Usage

Using Flask-Kadabra is quite simple. After all, the goal is to enable you to record metrics from your Flask application with minimal additional code!

  • Initialize the Kadabra object with your Flask application object.
  • Decorate any of your routes for which you want to record metrics with record_metrics.
  • Optionally, instrument your application code with any additional metrics you want to record with the MetricsCollector object, available as the metrics attribute on the g object. This is shared across your request, is available anywhere within the Flask application context, and is totally threadsafe. Note that you don’t need to record request timing nor 400/500 errors; these will be automatically included for each request.

When you run your Flask app, you’ll run a local Redis server along with the Kadabra agent side-by-side with your app, which will enable you to publish your metrics with no impact to your application’s performance, whatever its scale. For more information on deployment, check out Deploying Your Stack.

Initialization

You can initialize the Kadabra object directly:

from flask import Flask
from flask_kadabra import Kadabra

app = Flask()
kadabra = Kadabra(app)

Or, you can defer the installation if you are utilizing the flask:patterns/appfactories pattern, using the init_app() method:

from flask import Flask
from flask_kadabra import Kadabra

kadabra = Kadabra()

def create_app():
    app = Flask()
    kadabra.init_app(app)

You can configure the underlying Kadabra client API by passing a dictionary as the second argument to the Kadabra constructor:

config = {
    'CLIENT_CHANNEL_ARGS': {
        'port': 6500
    }
}

app = Flask()
kadabra(app, config)

For more information about how to configure the client API, see Kadabra’s Configuration documentation.

There are also some configuration values you can specify for your Flask application object to change the behavior of the Kadabra object. For more info, check out Configuration.

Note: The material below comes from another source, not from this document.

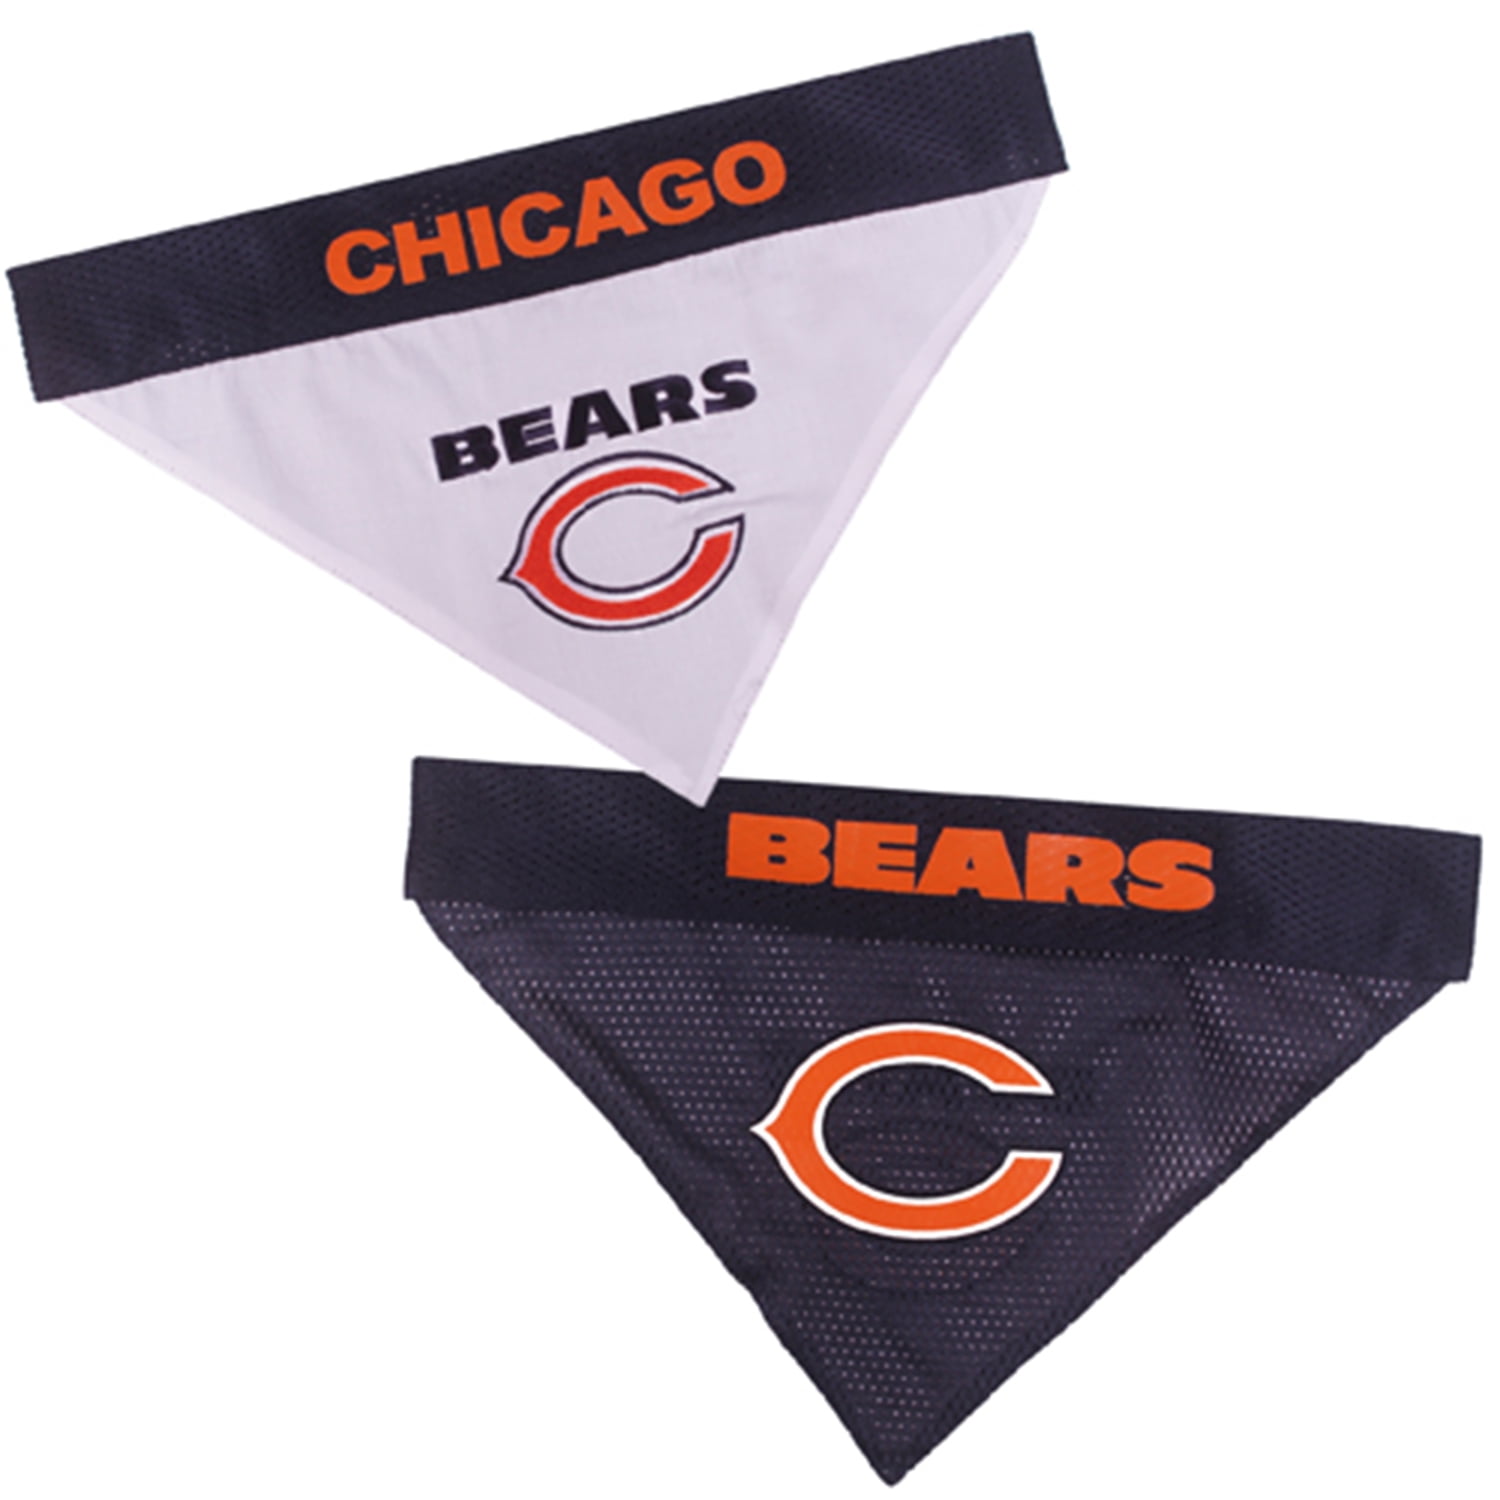 Chicago Bears bandana

Enabling Metrics for Your Routes

To record metrics for API requests to one of your routes, simply use the record_metrics decorator:

@api.route('/')
@record_metrics
def index():
    return "Hello, World!"

This will record the request time in milliseconds (as a timer called “RequestTime”), whether the HTTP status code of the response was a server error (as a counter called “Failure” with a value of 0 or 1), and whether the HTTP status code of the response was a client error (as a counter called “ClientError” with a value of 0 or 1). For more information on counters and timers, see Collecting Metrics.

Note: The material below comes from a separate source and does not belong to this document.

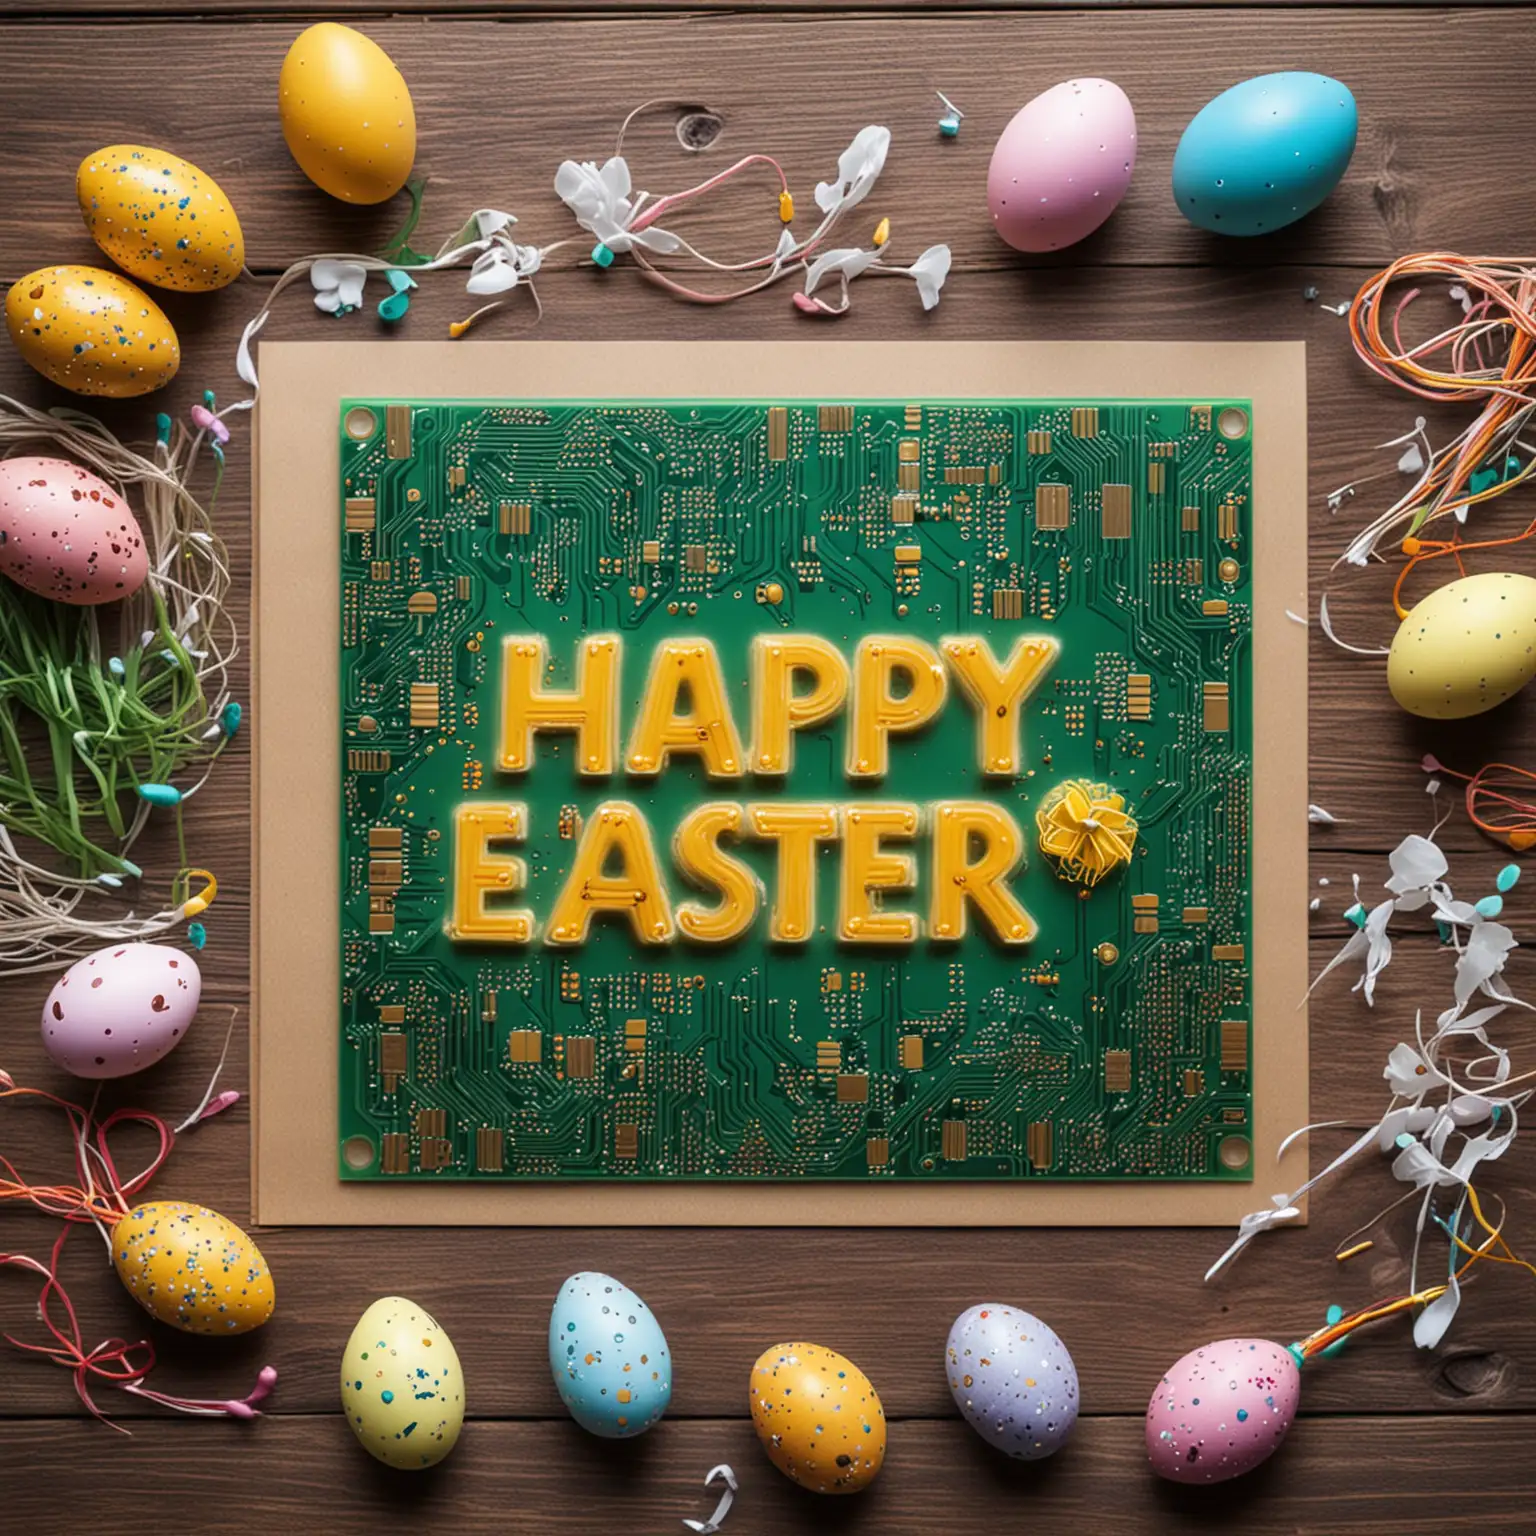 Joyful Easter Greetings with Printed Circuit Boards

These metrics will be grouped under a “Method” dimension whose value is the name of your view function, as well as any additional dimensions you’ve specified for the CLIENT_DEFAULT_DIMENSIONS key in Kadabra’s configuration (see Configuration).

Additionally, a metrics attribute will be added to Flask’s g object. This exposes the underlying MetricsCollector API which allows you to add counters and timers in your application code. They will be grouped under the same dimensions as the request time, failure, and client error metrics.

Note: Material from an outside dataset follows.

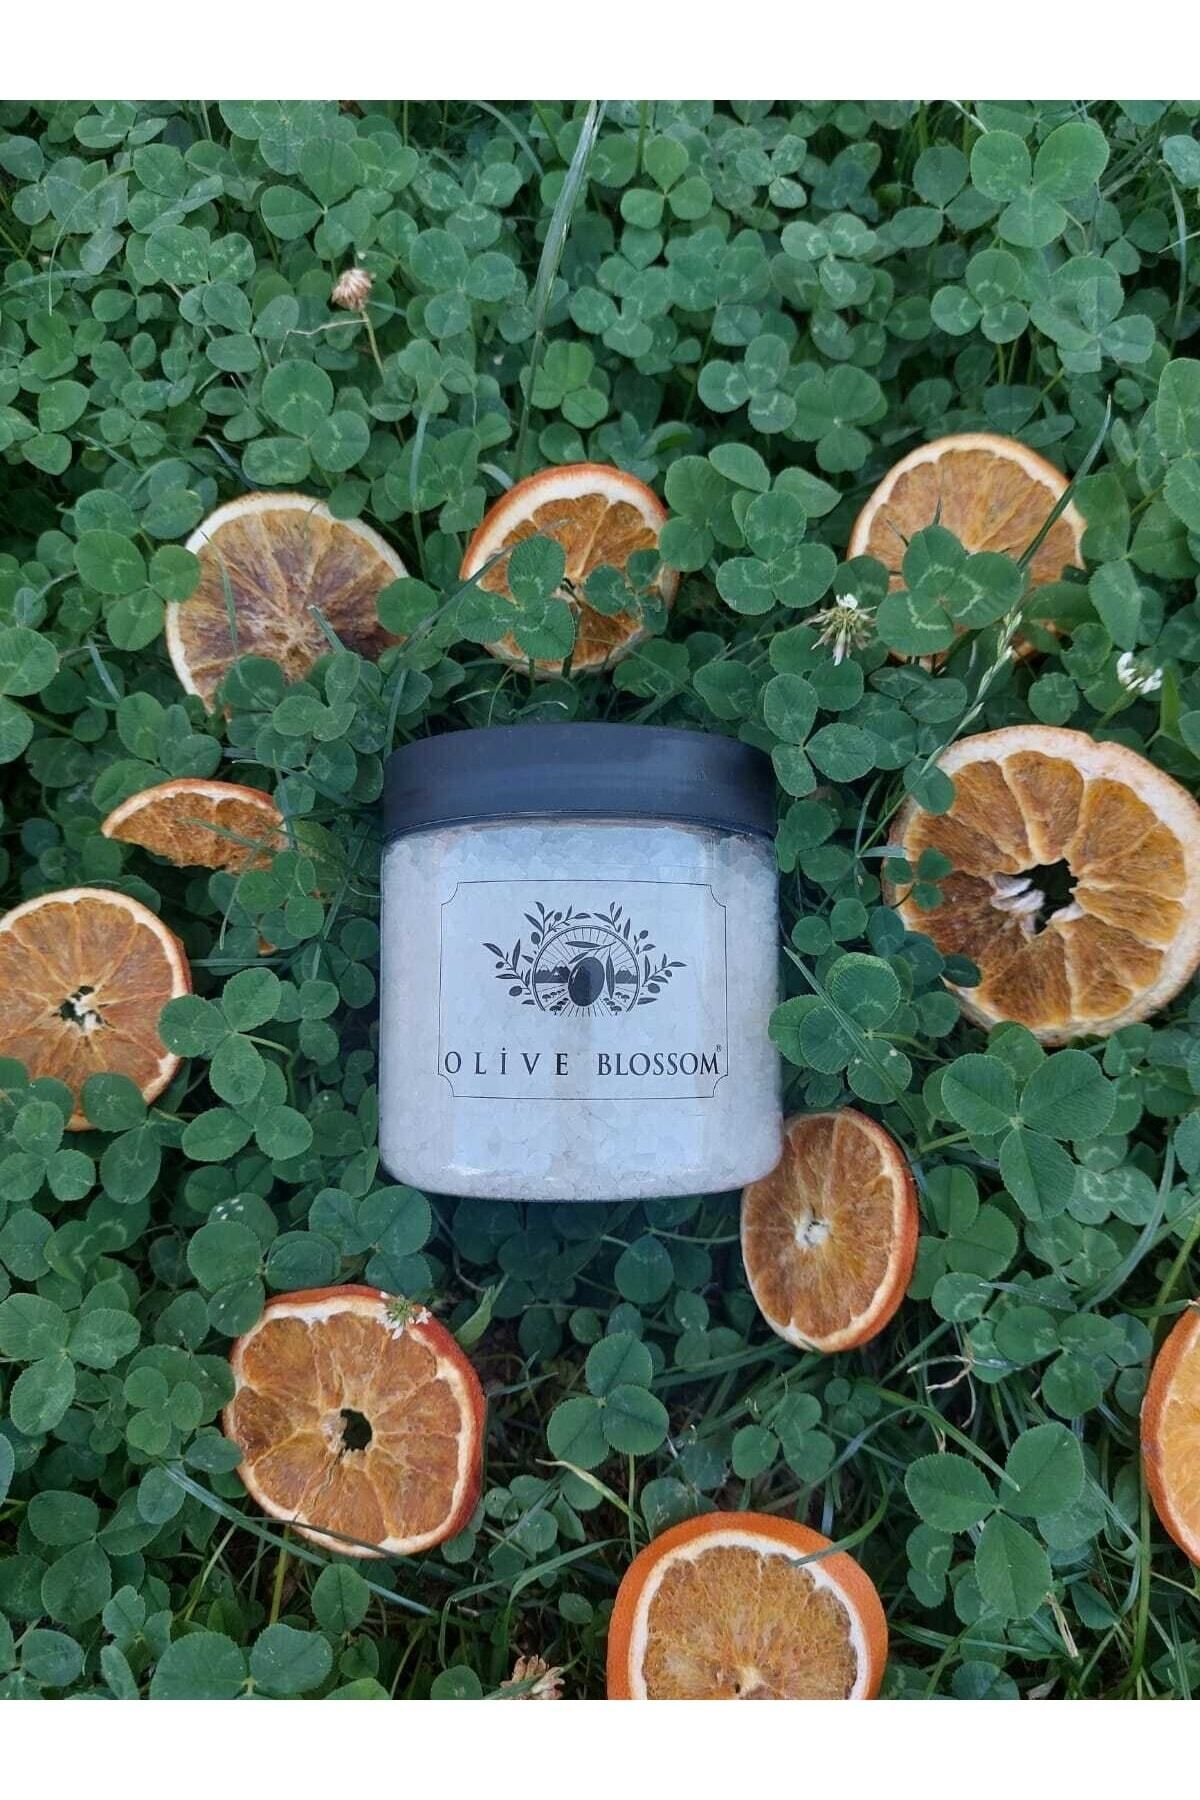 Olive Blossom Portakal Yağı & Himalaya Banyo Tuzu 450 Gr. / Orange Oil & Himalayan Salt

Instrument Your Code with Additional Metrics

Using g.metrics you can record additional metrics from your application code. For example, if one of your APIs calls an external third-party service you may want to time the call:

start = datetime.datetime.utcnow()
response = requests.get(...) # External call
end = datetime.datetime.utcnow()
g.metrics.set_timer("ExternalCallTime", end - start)

Any metrics you record in the context of a request being executed will be grouped together under the same dimensions, meaning the same “Method” and any other dimensions you set via the CLIENT_DEFAULT_DIMENSIONS configuration key or elsewhere in your application code.

You can control aspects of how your Flask app uses Kadabra via Configuration.